ACTIVITY:
Using the entries that follow, state how many lines contain "Stock", with no other words.

MATERIAL PROVIDED:

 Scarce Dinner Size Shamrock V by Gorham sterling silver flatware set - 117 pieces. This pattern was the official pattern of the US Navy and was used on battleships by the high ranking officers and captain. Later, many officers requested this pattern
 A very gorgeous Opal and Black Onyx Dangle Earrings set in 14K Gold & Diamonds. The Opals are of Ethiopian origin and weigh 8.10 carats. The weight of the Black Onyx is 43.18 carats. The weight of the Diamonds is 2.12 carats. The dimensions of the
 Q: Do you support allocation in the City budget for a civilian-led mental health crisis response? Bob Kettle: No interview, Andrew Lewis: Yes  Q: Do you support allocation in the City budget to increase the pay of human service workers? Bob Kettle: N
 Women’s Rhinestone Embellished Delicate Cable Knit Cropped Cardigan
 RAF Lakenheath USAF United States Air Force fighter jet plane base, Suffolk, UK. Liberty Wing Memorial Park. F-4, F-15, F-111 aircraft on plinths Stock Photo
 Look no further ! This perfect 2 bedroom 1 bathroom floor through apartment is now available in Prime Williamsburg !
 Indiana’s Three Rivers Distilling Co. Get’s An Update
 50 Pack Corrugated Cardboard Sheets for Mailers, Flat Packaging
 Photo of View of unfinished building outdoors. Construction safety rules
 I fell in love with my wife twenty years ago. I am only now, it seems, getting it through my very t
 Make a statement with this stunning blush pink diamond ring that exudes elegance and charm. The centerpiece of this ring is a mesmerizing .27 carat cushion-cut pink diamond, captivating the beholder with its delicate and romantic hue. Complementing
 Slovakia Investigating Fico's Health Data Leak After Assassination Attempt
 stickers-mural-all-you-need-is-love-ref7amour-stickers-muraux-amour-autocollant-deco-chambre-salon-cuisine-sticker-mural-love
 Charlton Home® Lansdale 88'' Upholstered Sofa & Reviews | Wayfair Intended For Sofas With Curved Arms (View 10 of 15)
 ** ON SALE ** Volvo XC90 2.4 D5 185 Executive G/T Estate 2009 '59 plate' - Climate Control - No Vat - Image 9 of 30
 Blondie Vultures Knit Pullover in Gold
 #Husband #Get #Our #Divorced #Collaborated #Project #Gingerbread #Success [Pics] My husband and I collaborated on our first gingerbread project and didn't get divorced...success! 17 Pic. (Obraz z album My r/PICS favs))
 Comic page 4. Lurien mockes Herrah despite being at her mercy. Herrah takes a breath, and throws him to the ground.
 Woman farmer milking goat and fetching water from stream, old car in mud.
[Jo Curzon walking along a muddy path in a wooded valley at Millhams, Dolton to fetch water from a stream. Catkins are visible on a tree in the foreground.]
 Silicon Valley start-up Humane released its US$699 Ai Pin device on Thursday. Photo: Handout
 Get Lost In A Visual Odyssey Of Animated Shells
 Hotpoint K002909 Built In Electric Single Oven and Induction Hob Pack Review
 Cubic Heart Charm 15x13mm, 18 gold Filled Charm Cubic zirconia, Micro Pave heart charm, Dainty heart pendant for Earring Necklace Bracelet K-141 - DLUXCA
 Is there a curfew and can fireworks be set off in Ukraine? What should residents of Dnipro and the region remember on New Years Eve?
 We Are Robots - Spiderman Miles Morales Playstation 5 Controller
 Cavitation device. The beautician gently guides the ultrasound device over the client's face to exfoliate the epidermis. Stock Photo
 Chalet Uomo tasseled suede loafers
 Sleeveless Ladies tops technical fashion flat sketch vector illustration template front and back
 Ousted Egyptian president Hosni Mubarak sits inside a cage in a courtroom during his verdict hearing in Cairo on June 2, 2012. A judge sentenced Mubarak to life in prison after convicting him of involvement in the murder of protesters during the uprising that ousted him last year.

EXPECTED ANSWER:
2